*Task goal:*
Every line from the one with "Grand ensemble de" up to and including the one with "Ensemble caractéristique de" is to be output exactly as it appears below; pictures are not.

*Task input:*
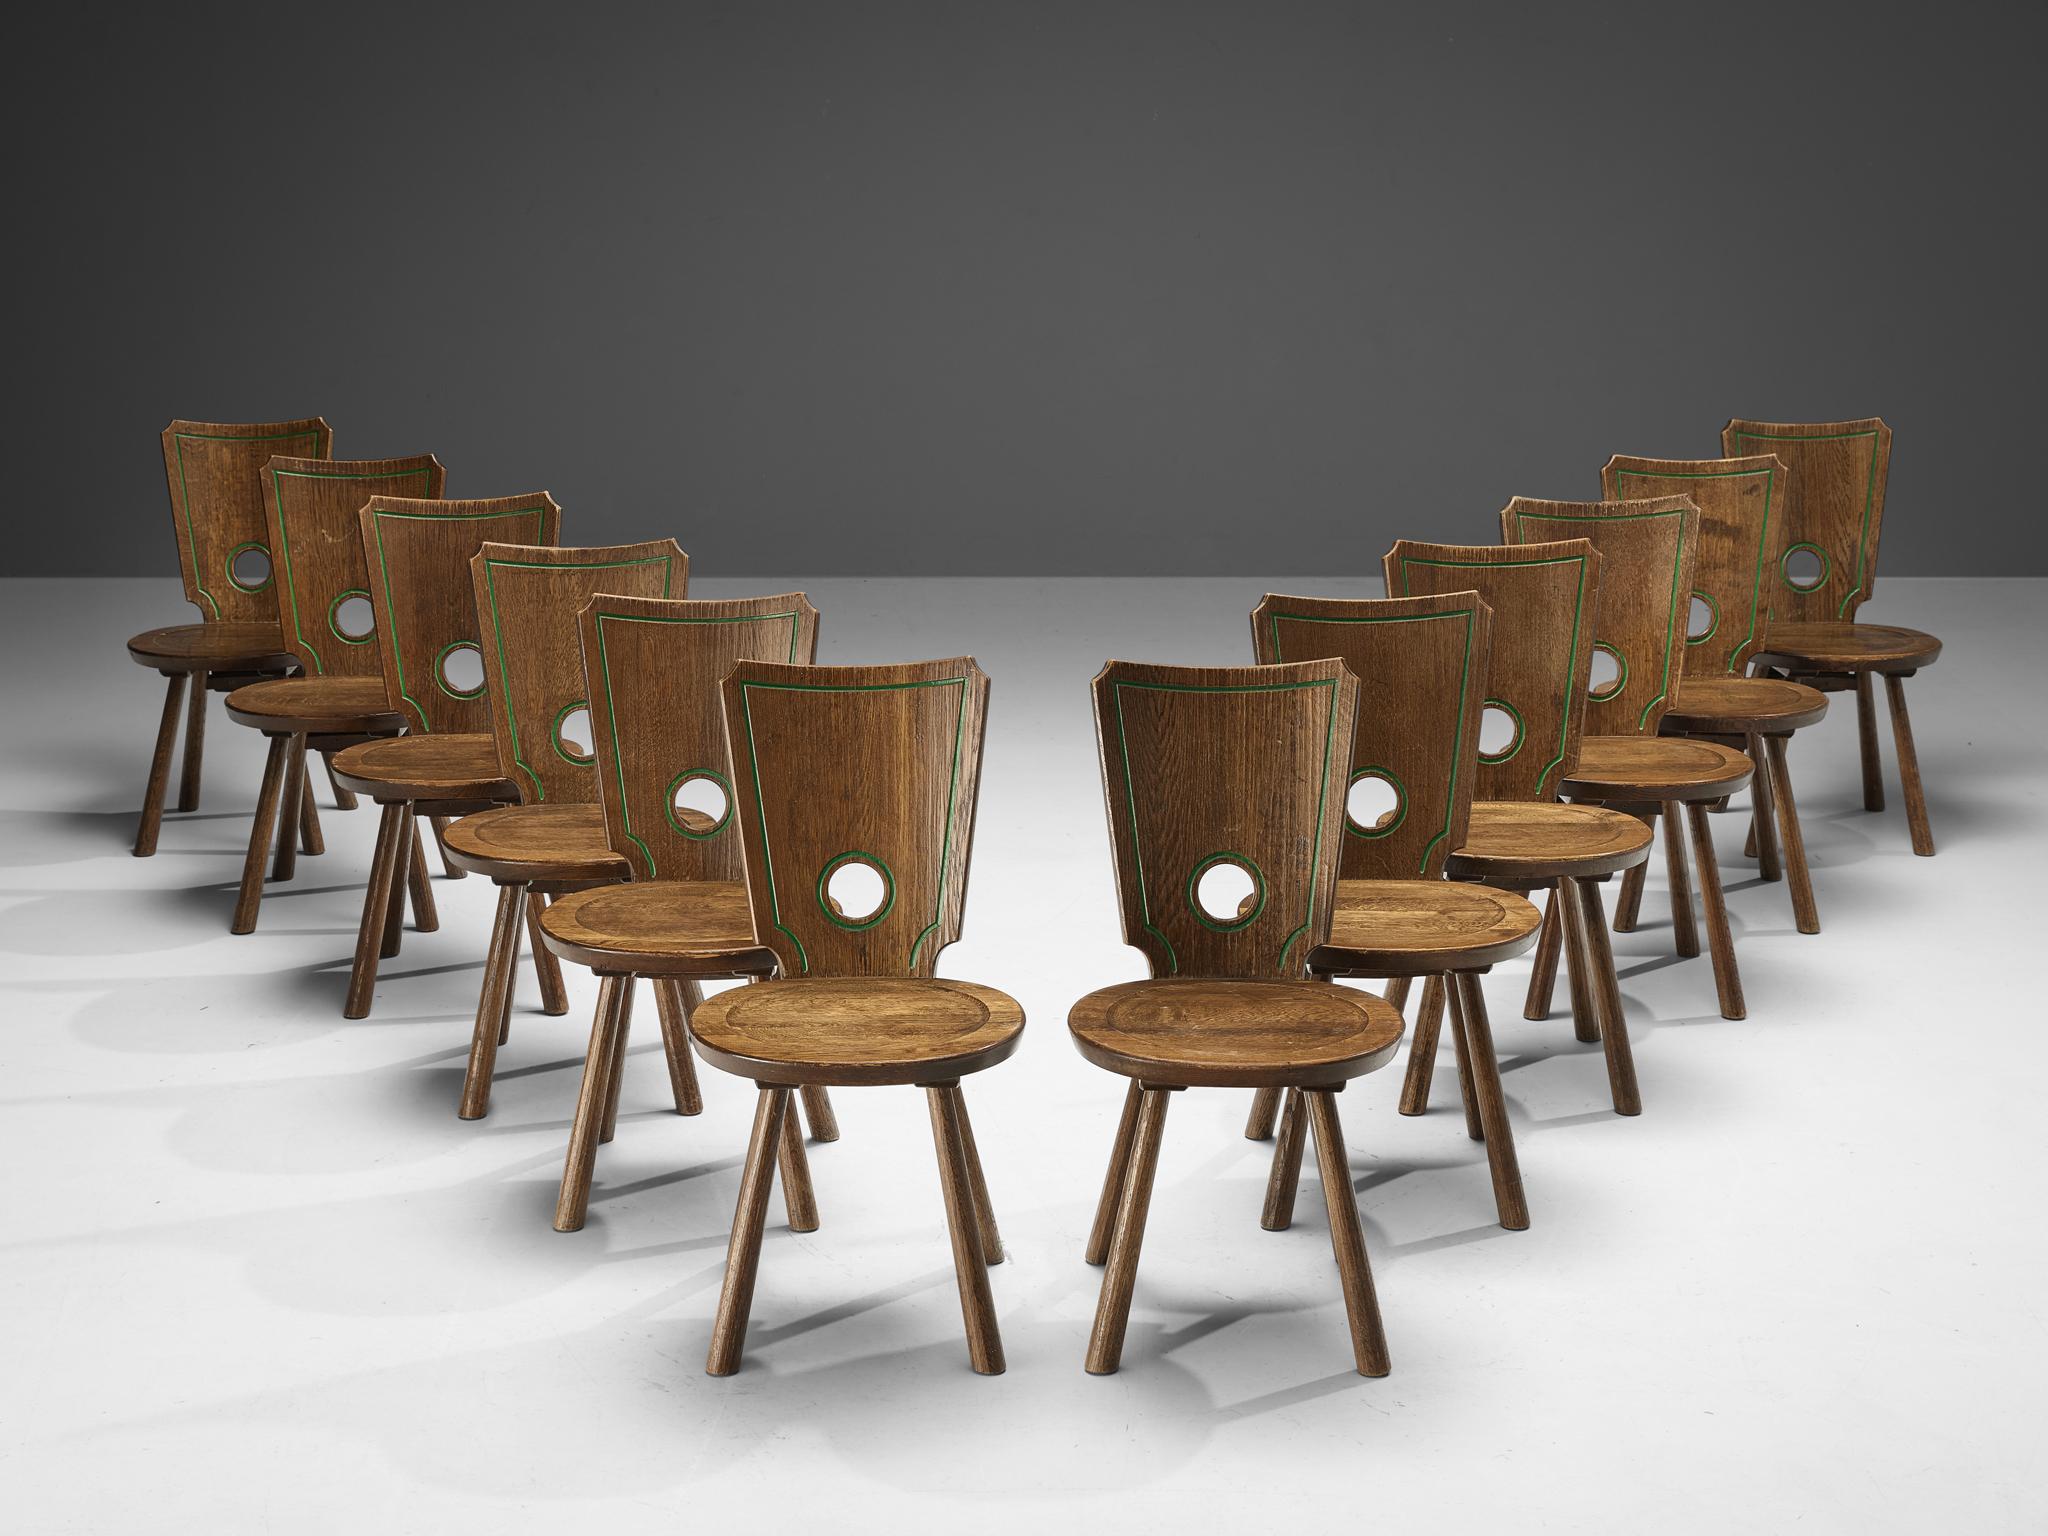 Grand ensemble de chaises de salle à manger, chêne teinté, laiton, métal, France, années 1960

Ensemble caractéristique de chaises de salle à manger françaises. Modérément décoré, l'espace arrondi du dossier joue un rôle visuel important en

--

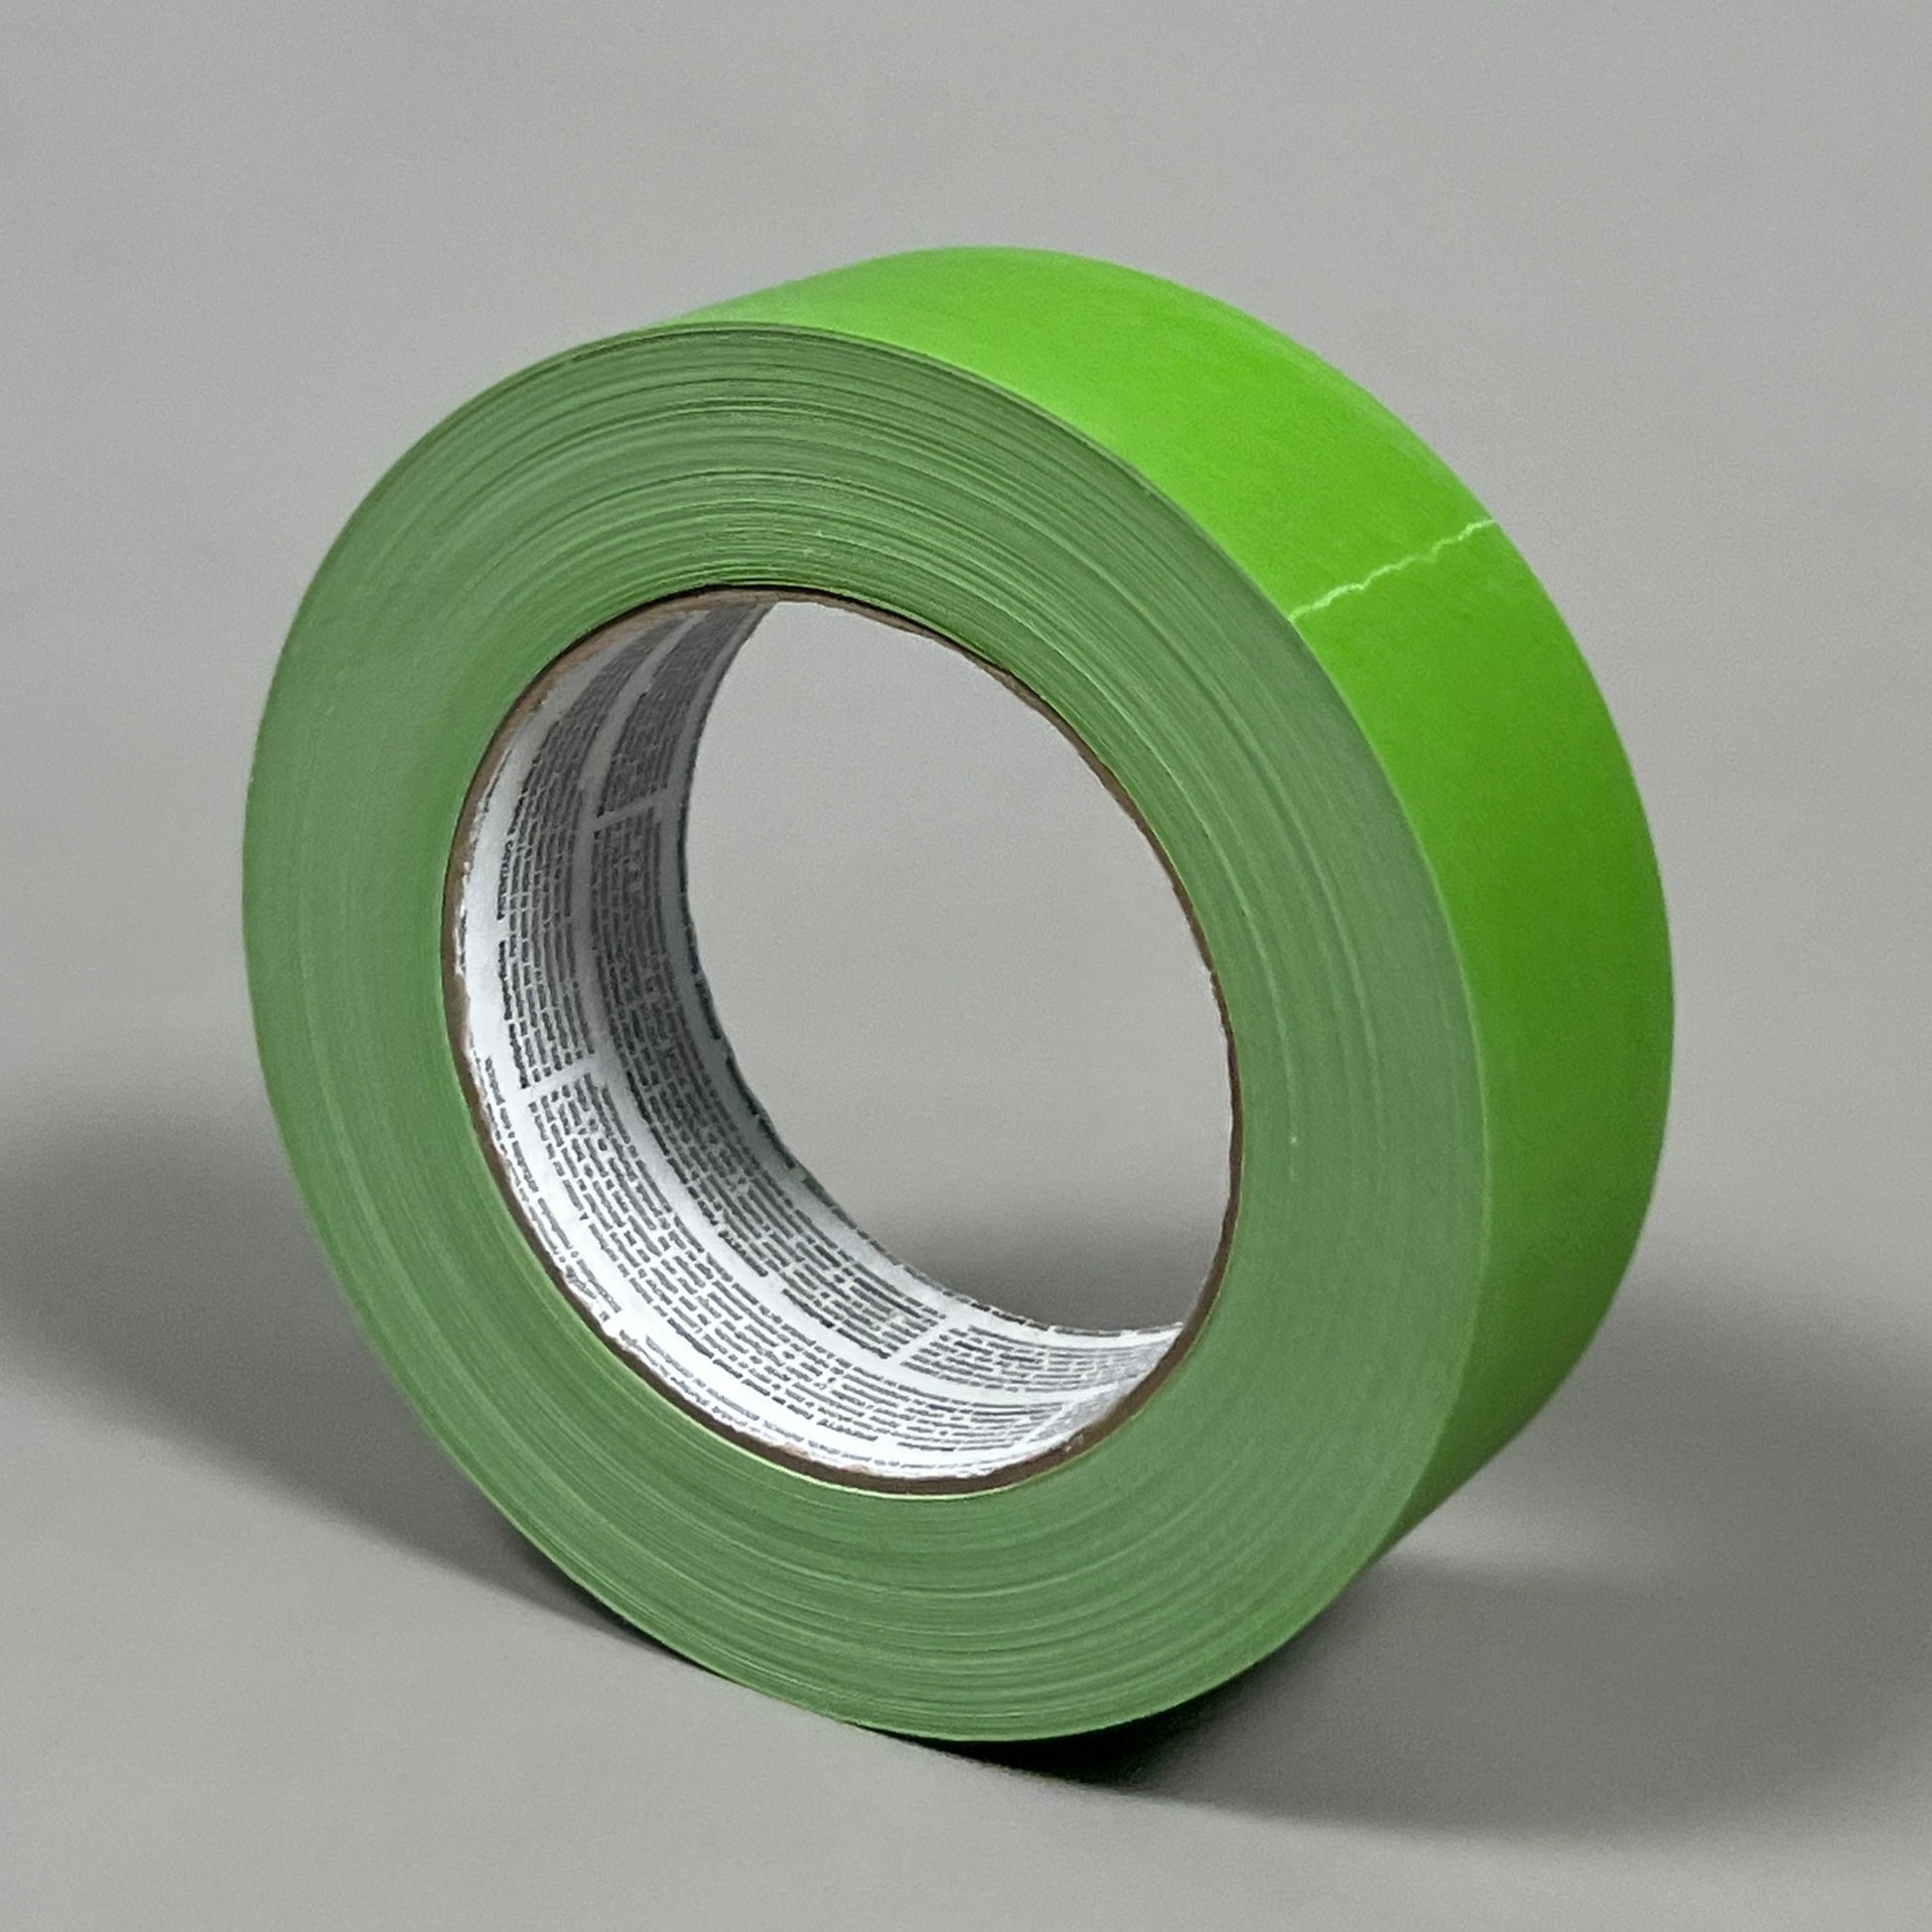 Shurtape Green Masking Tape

*Final answer:*
 Grand ensemble de chaises de salle à manger, chêne teinté, laiton, métal, France, années 1960

Ensemble caractéristique de chaises de salle à manger françaises. Modérément décoré, l'espace arrondi du dossier joue un rôle visuel important en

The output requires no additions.